DIRECTIONS
Exactly as written, retype the listing below, omitting the pictures.

DATA EXTRACT
====
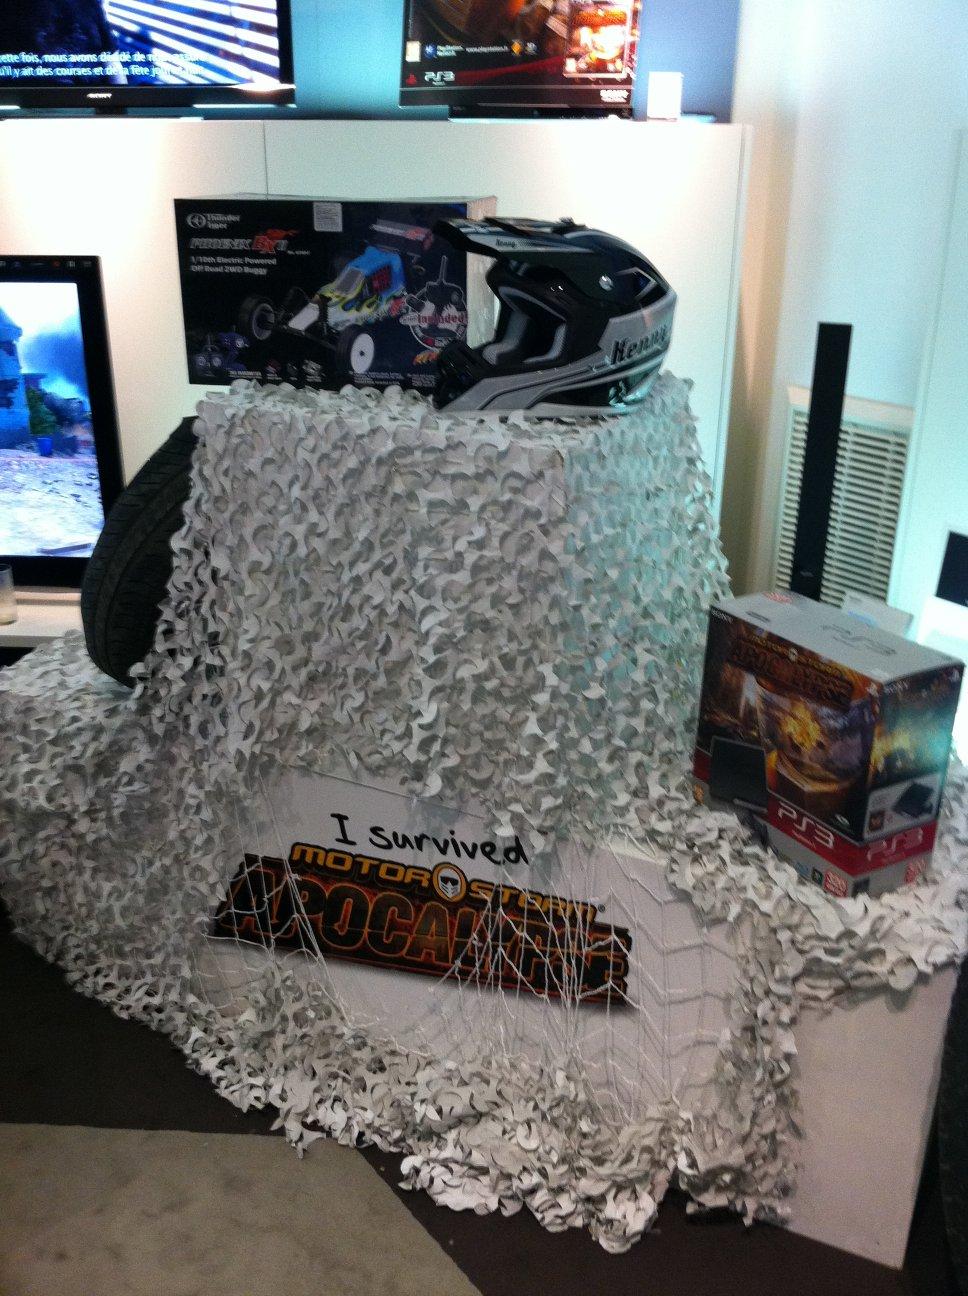 Compte rendu : Soirée MotorStorm Apocalypse
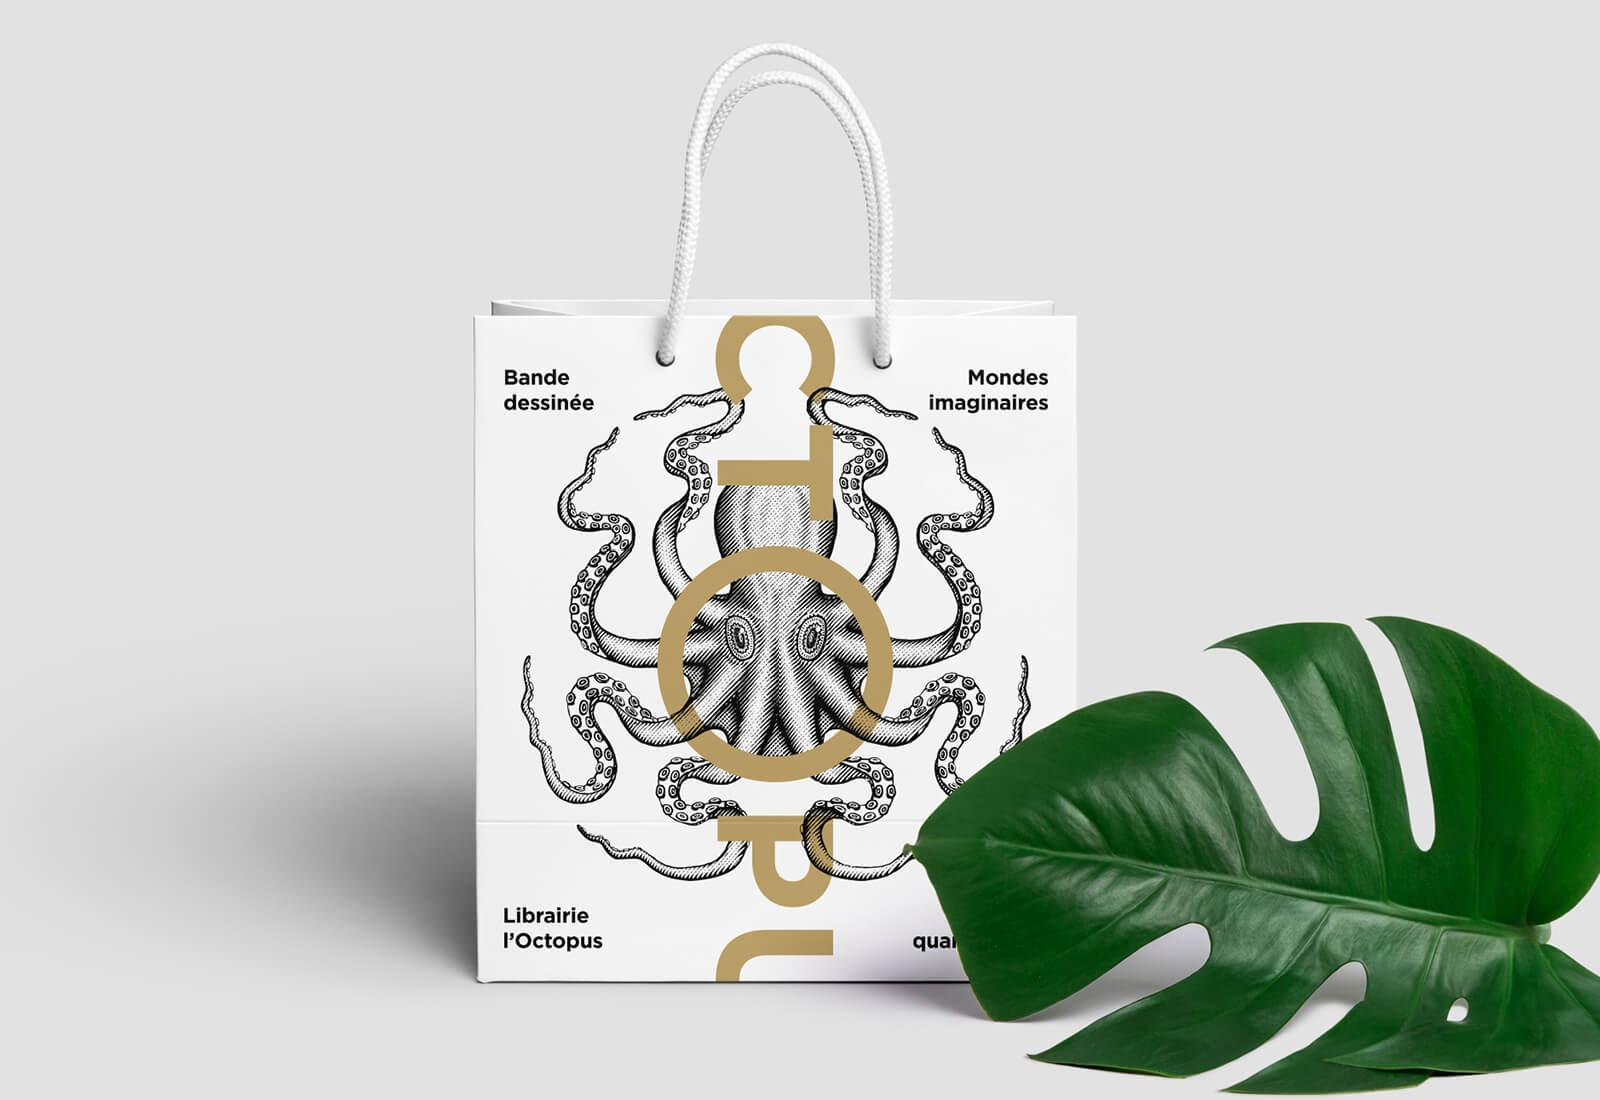 libraire octopus sac
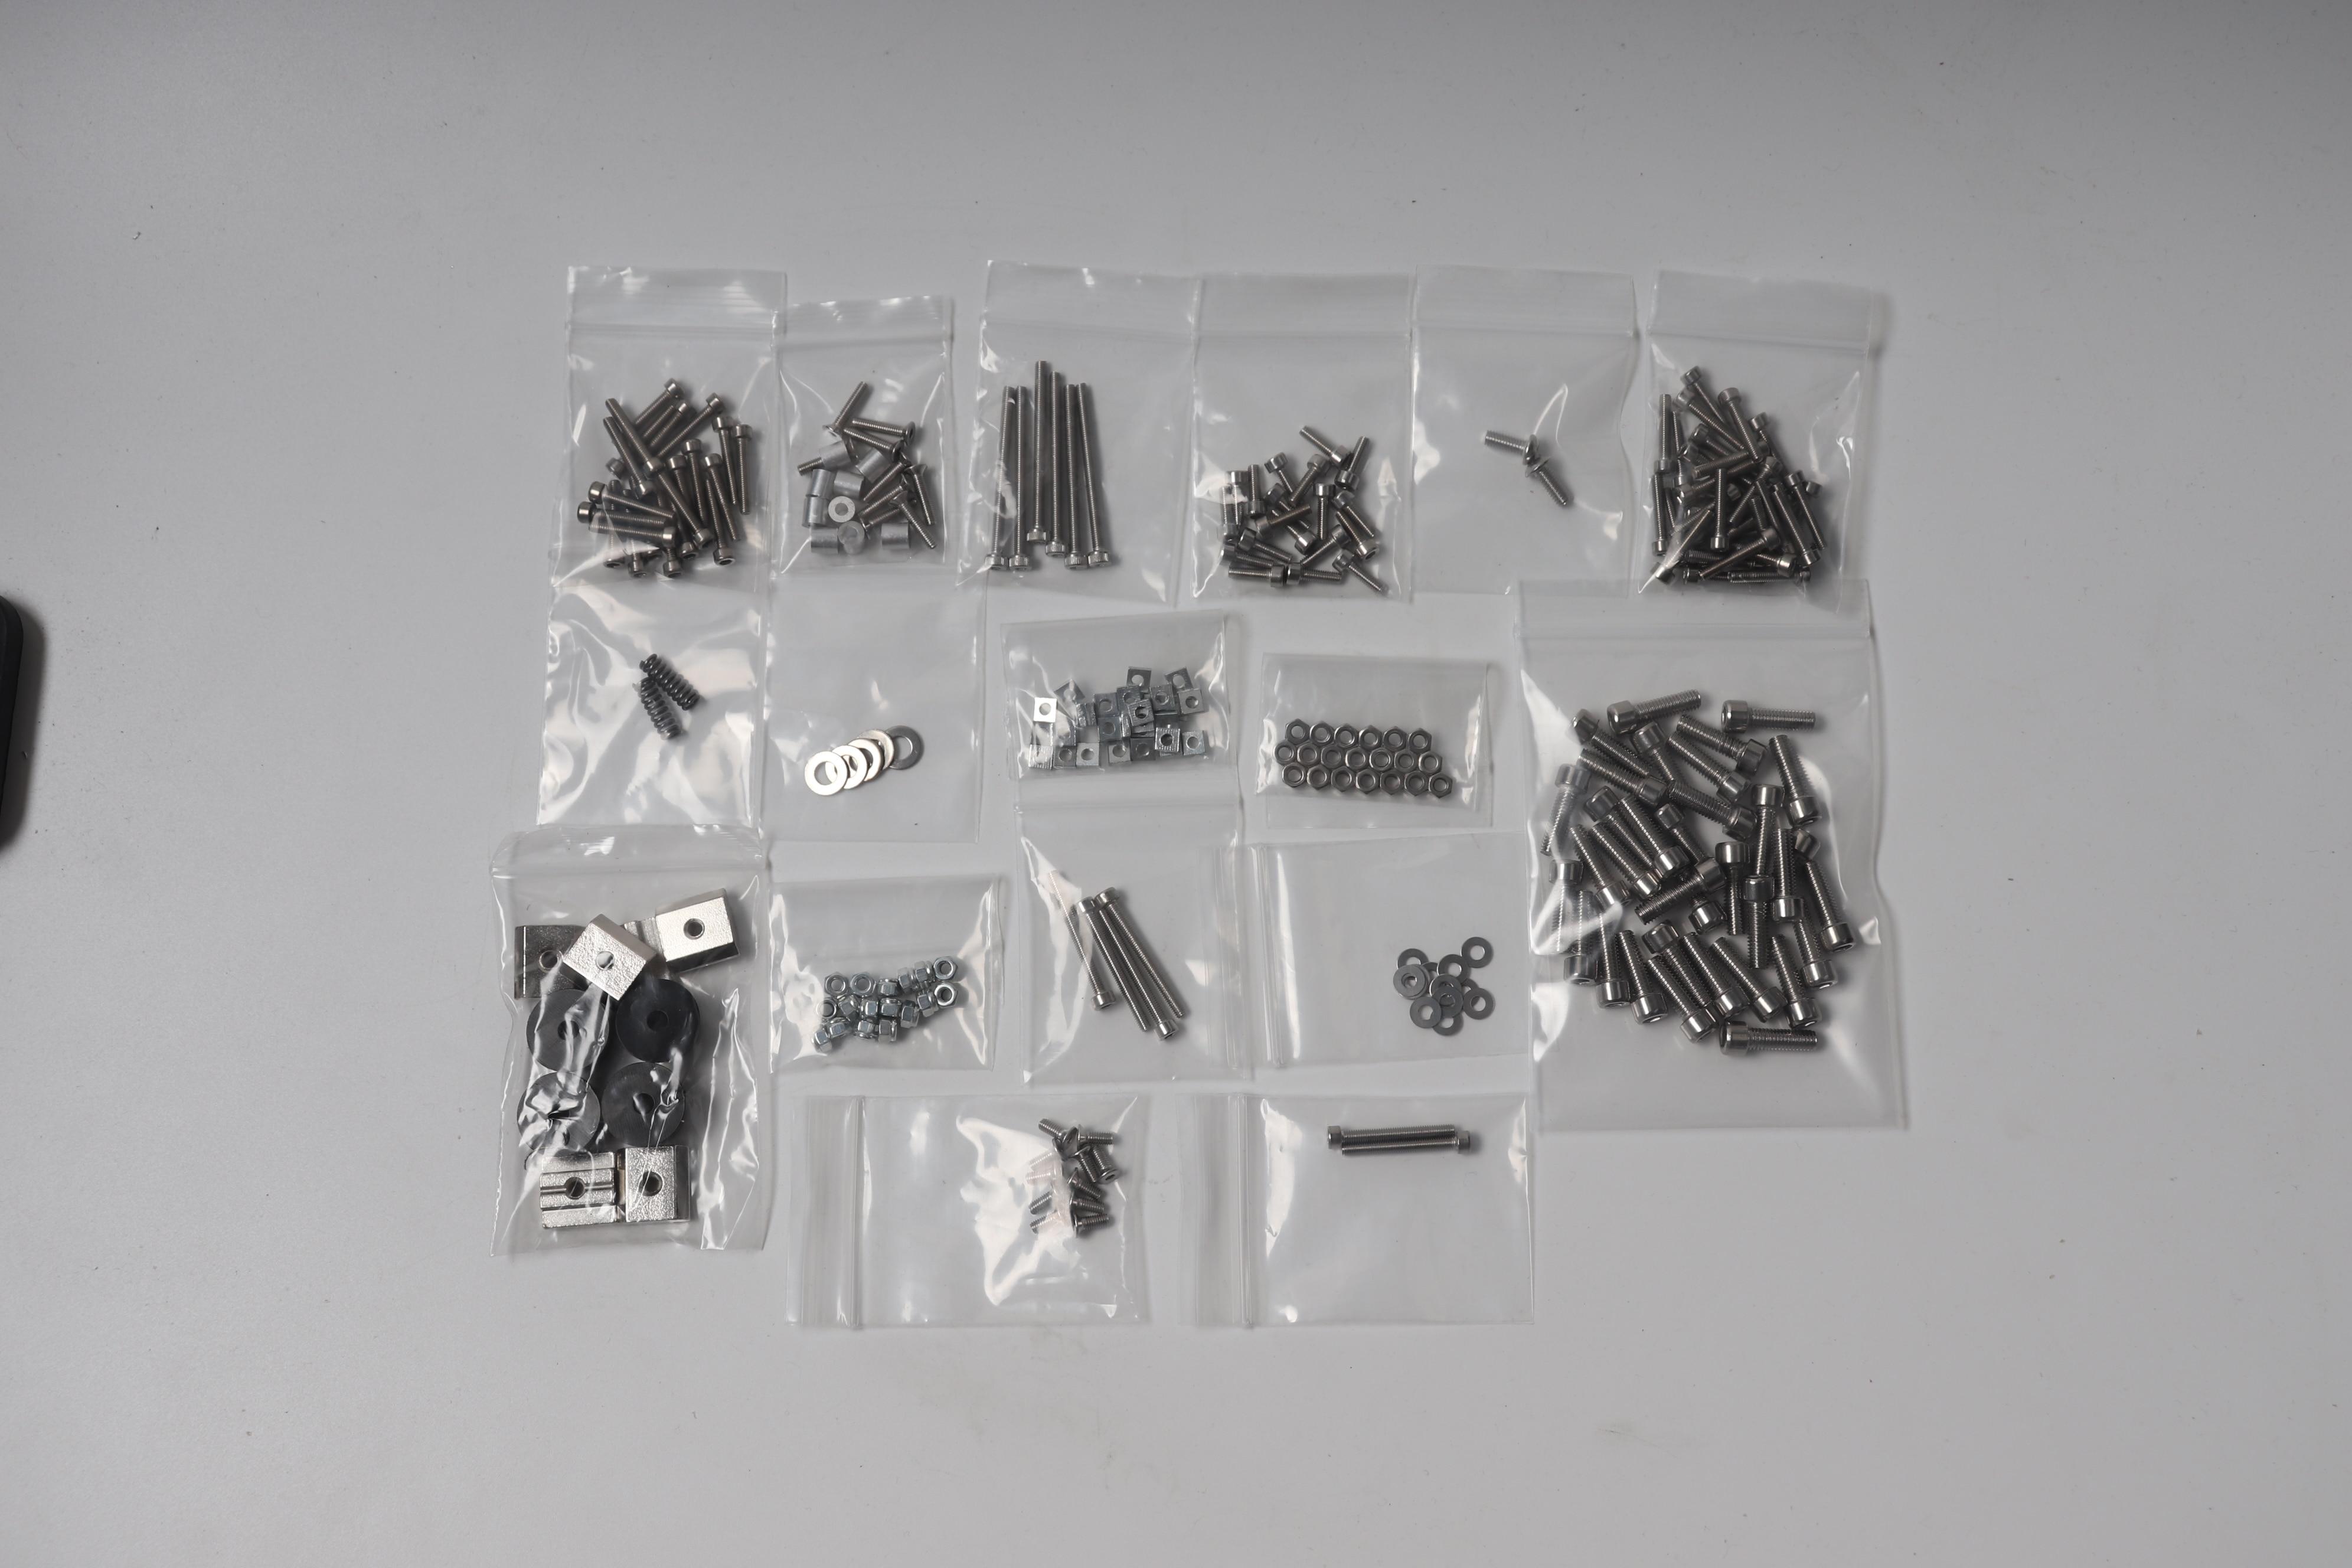 1.7 fino quadrado porca todo o kit pruas i3 mk3 parafuso porca peças da máquina de ferragem para prusa i3 mk3 impressora 3d peças mk3 parafusos kit
====
ANSWER
 Compte rendu : Soirée MotorStorm Apocalypse
 libraire octopus sac
 1.7 fino quadrado porca todo o kit pruas i3 mk3 parafuso porca peças da máquina de ferragem para prusa i3 mk3 impressora 3d peças mk3 parafusos kit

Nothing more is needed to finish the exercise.